У негидальцев и некоторых групп нанайцев передняя часть туши медведя с головой предназначалась для мужчин, тогда как задняя часть – женщинам. У других групп нанайцев делили тушу медведя вдоль, причём правая сторона считалась мужской, а левая – женской. У удэгейцев женщинам, допускаемым к участию в празднике, не дозволялось есть ноги, лапы, голову, язык и сердце зверя [2, с. 148]. У орочей жене охотника, убившего медведя, можно было есть любое мясо медведя, кроме сердца (АОИАК. Ф. В.К.Арсеньева. Оп. 1. Д. 10. Л. 104, 111). Нивхи объясняли запрет женщинам на вкушение сердца медведя тем, что оно даёт едоку храбрость, качество, совершенно им не нужное, и потому такое вкушение, как бесполезное, было бы обидным для зверя [24, с. 43]. У ульчей женщинам разрешалось есть лапы животного, что было запретно для мужчин из-за опасения быть задранным в лесу медведем [5, с. 119]. Им можно было есть лишь мясо с задних ног медведя, представляющее собой круглый мускул, спускающийся немного ниже колена. Из внутренностей женщинам у негидальцев разрешалось есть почки. На торжественной трапезе мужчины сидели впереди, затем – женщины, отдельно от мужчин (на нарах, расположенных ближе к очагу), либо вообще в другой фанзе. То, что разрешалось есть, передавали вдоль нар от мужчин к женщинам. Орочки во время поедания мяса медведя уходили либо в другой балаган, либо выходили на улицу (АОИАК. Ф. В.К. Арсеньева. Оп. 1. Д. 10. Л. 104, 111).

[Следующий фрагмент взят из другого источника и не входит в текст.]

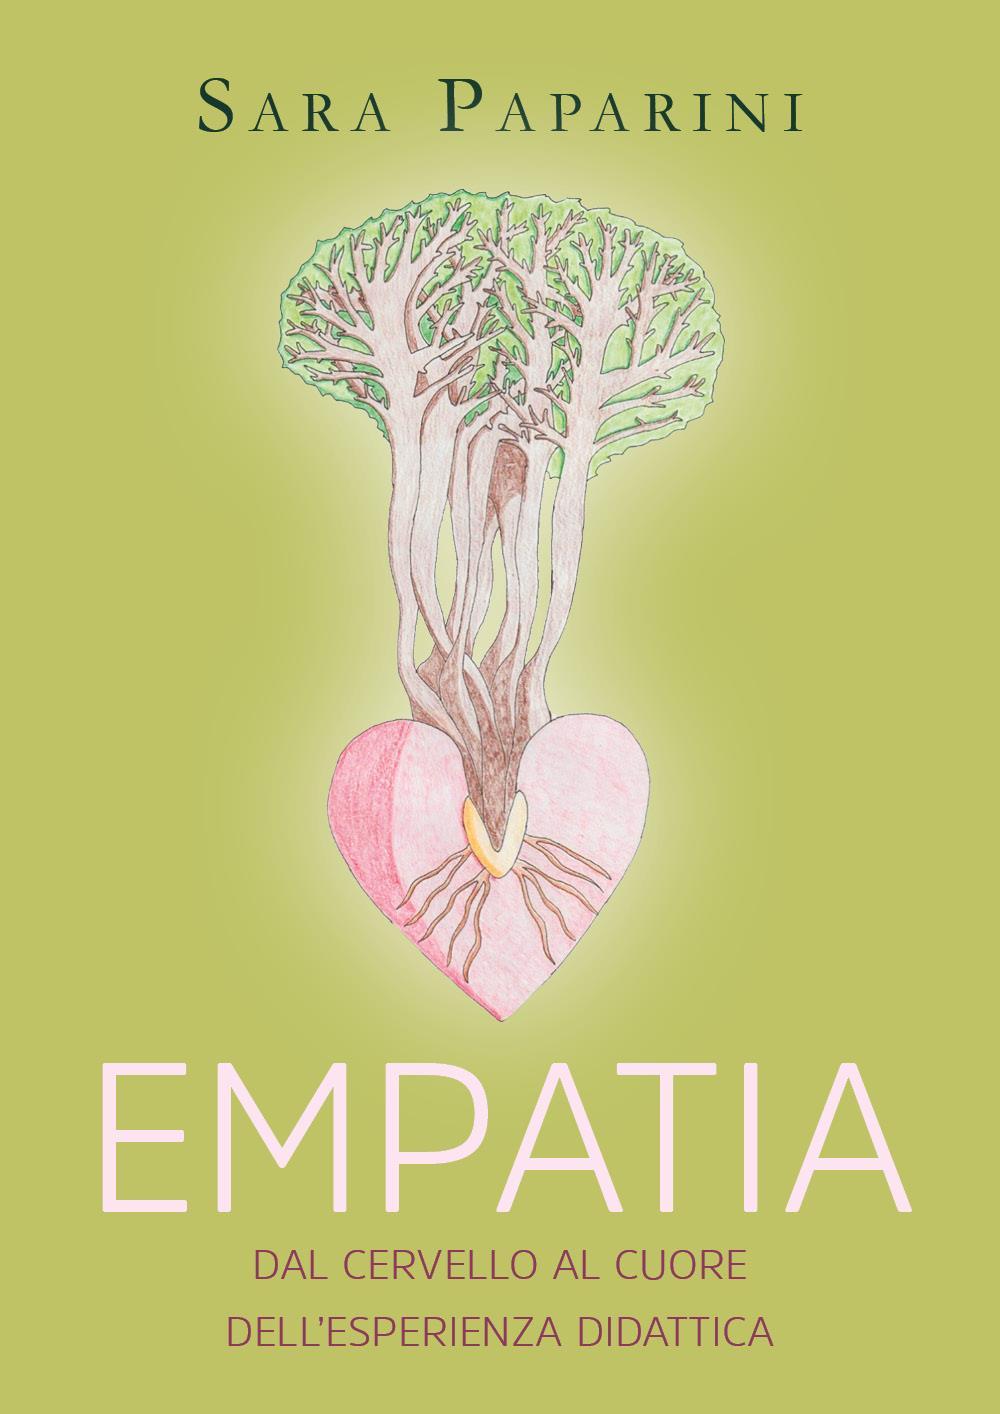 Empatia, dal cervello al cuore dell'esperienza didattica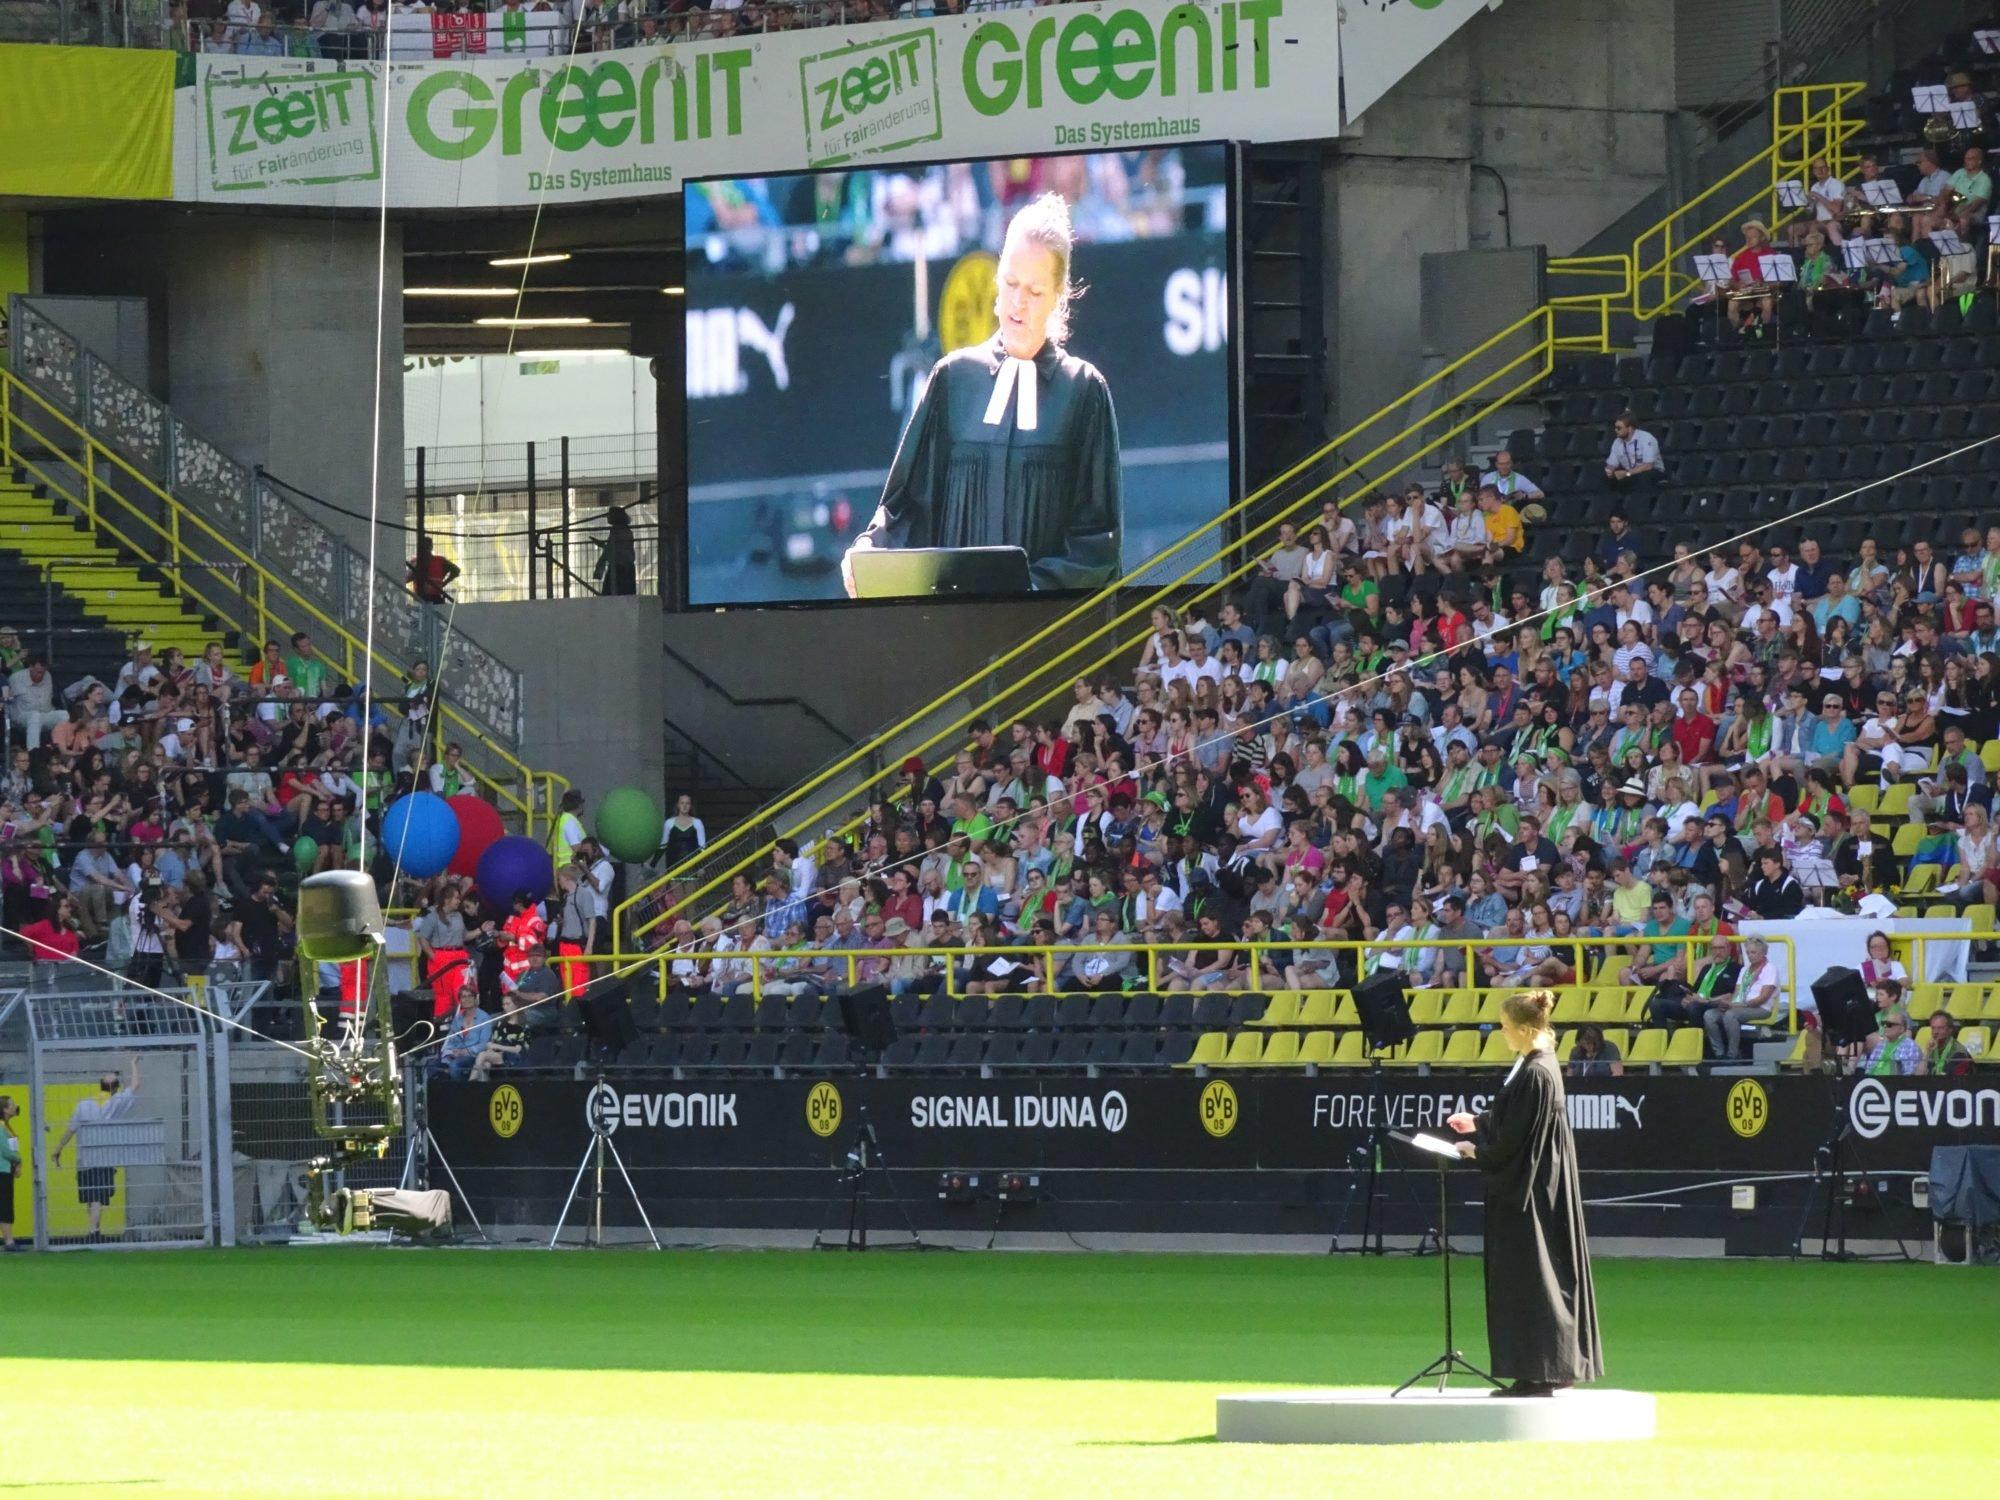 Eine Frau im schwarzen Talar steht auf dem Fußballfeld. Sie hält die Predigt. Im Hintergrund ist Signal Iduna und Evonik zu lesen. Es ist das Stadion von Borussia Dortmund.

Спиртное на празднике могли пить лишь мужчины и старухи. Там, где варили (сам хозяин-охотник) и ели медвежью голову, женщинам, за исключением старых, появляться было запрещено. Голову медведя ели только мужчины, женщинам запрещалось даже смотреть на неё [АОИАК. Ф. В.К. Арсеньева. Оп. 1. Д. 11. Л. 48; 22, с. 205; 21, с. 184; 9, с. 205]. «Мужские» и «женские» части туши варились отдельно, хозяин праздника передавал мясо своей жене, завернув его перед этим в бересту или тальниковую кору. Женщины должны были варить его вне дома, непременно в своей посуде, со своим ножом. Обычно женщины всего посёлка собирались вместе и уходили так, чтобы их не было видно из деревни. Один кусочек варёного мяса хозяйка праздника бросала в костёр хозяйке огня, приговаривая: «мясо – женский медведь, и нам его можно есть». Поев, женщины тщательно мыли посуду, окаливали её на огне и после этого возвращались домой [АОИАК. Ф. В.К. Арсеньева. Оп. 1. Д. 27. Л. 220; 8, с. 230]. Во второй четверти ХХ в. женщинам стали разрешать употреблять мясо не только с задних ног, но и других частей при условии, что женщину будет кормить мужчина из своих рук. Для этого мужчина брал мясо острыми палочками и подавал женщине в рот, последняя перед этим одевала чистое бельё, а во время трапезы сидела неподвижно, сложив руки. В 30-е годы ХХ века женщины уже могли есть мясо сами, но при помощи палочек и непременно только после месячных и в чистой одежде. Старой женщине разрешалось даже спать на шкуре медведя [18, с. 100; 8, с. 230].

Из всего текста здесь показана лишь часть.